A season of thrills in Iresi

Nigerian Compass

Friday, 19 April 2013 00:00

Residential buildings, some of them, built over a hundred years ago, lined the lone road that snakes through the ancient city.

Old men and women, some holding walking sticks taller than their frail, bending, physique and some accosted by their siblings, formed a sight of the crowd that besieged Adeniran Museum and Gallery, home of the Adenirans, christened “Ile Olowoye”, in Iresi, Osun State where Oyeladeniran Foundation for Community Development held its annual Iresi Socio-Cultural Festival. The three day event which kicked off with a musical night climaxed with a night out the second day to usher participants as well as the entire community into the New Year.

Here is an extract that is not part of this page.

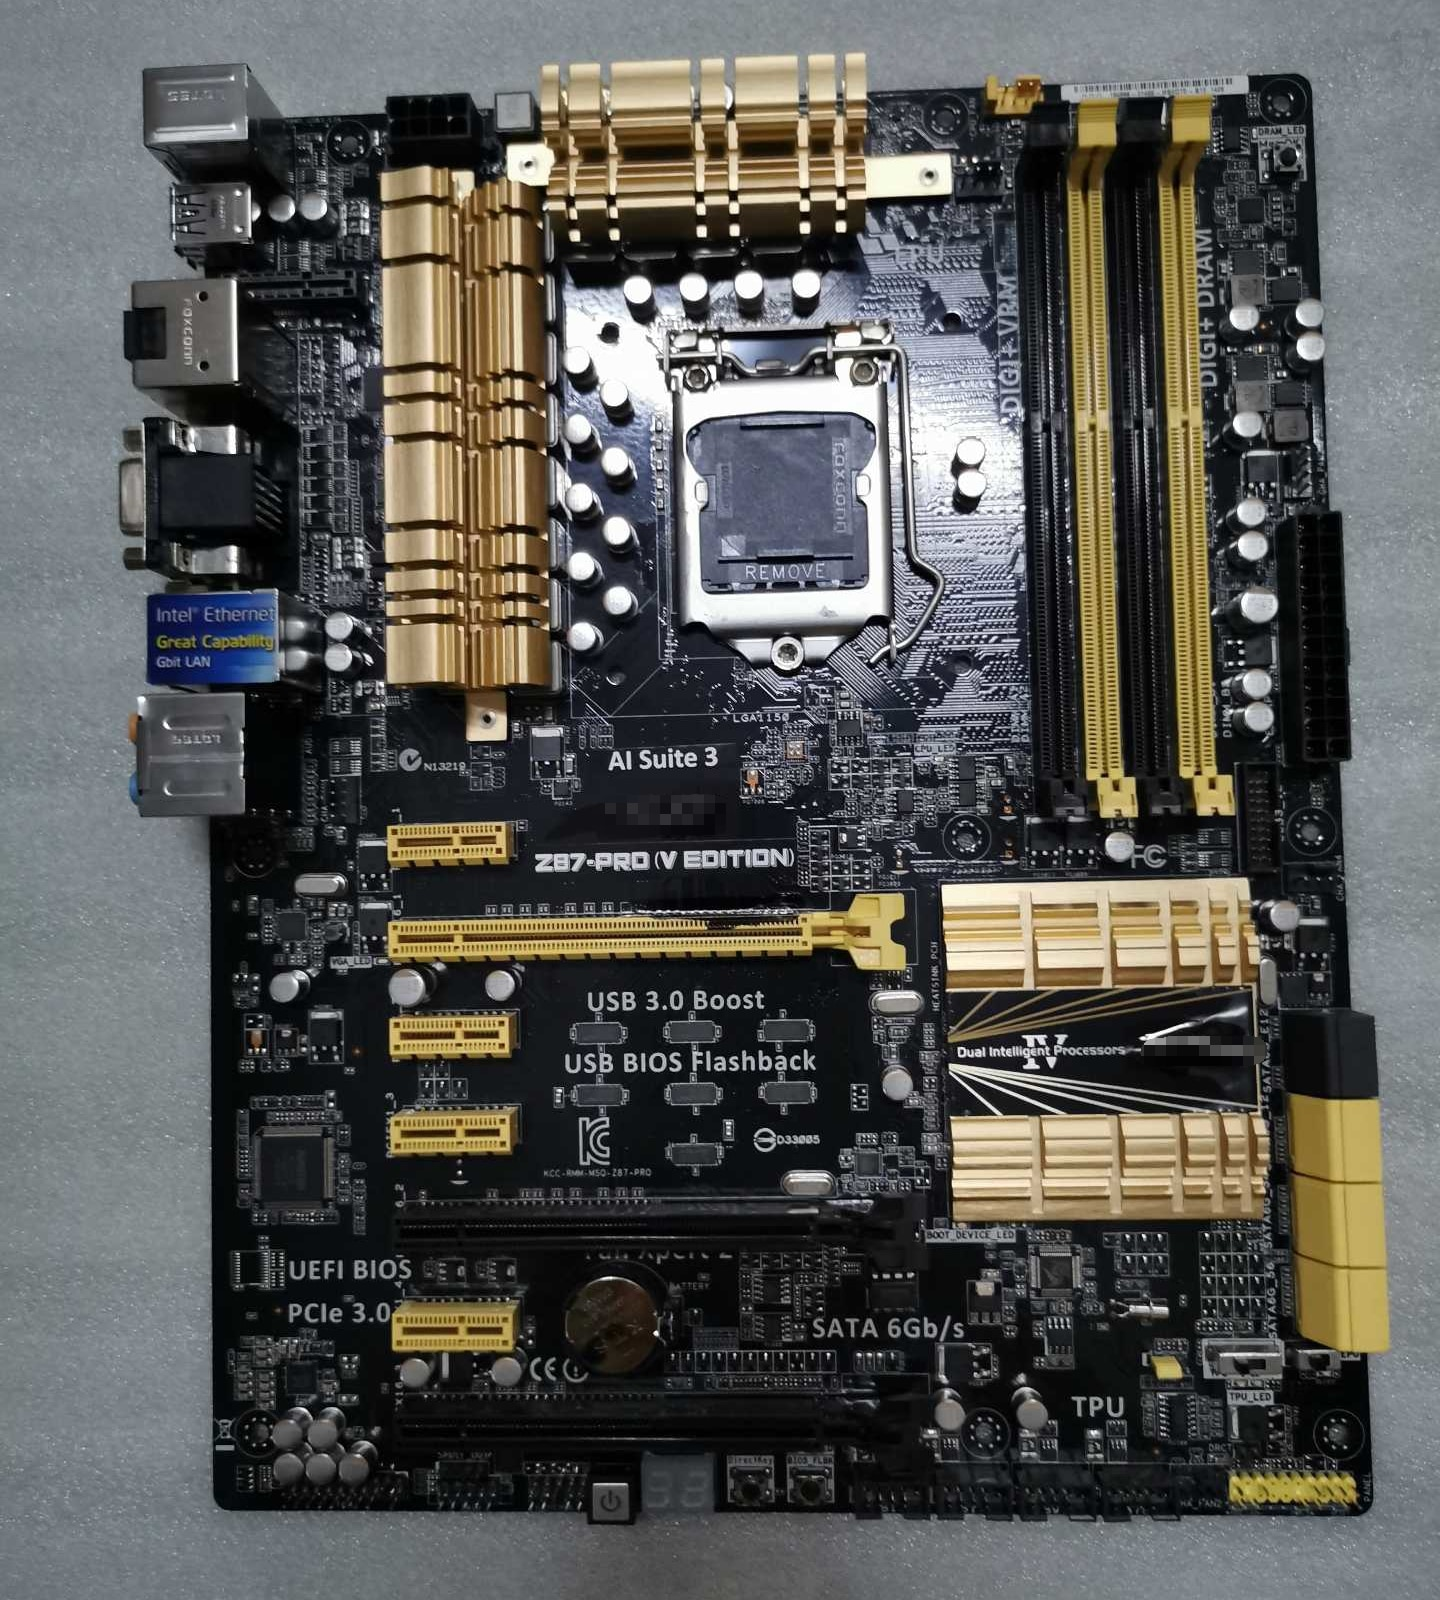 Z87-PRO  Z87-PRO(V EDITION)  for ASUS 1150 DDR3 Desktop Motherboard

The OFCOD was established to celebrate Late Pa and Mrs Adeniran Awoniyi who were said to have been role models in the communities where they lived in the course of their sojourn on earth. The sole aim of the foundation, according to the festival coordinator, Debo Adeniran, is therefore to reawaken the socio-cultural heritage of the Adeniran family, Iresi community as well as that of the Yoruba nation which is believed to have propelled their forebears to utilize the value of self worth to engage in self help that galvanized them to became self reliant without resorting to fraudulent practices and corruption that is now endemic and controls the sensibilities of the teeming youths. Debo is the Executive Chairman of Coalition Against Corrupt Leaders (CACOL).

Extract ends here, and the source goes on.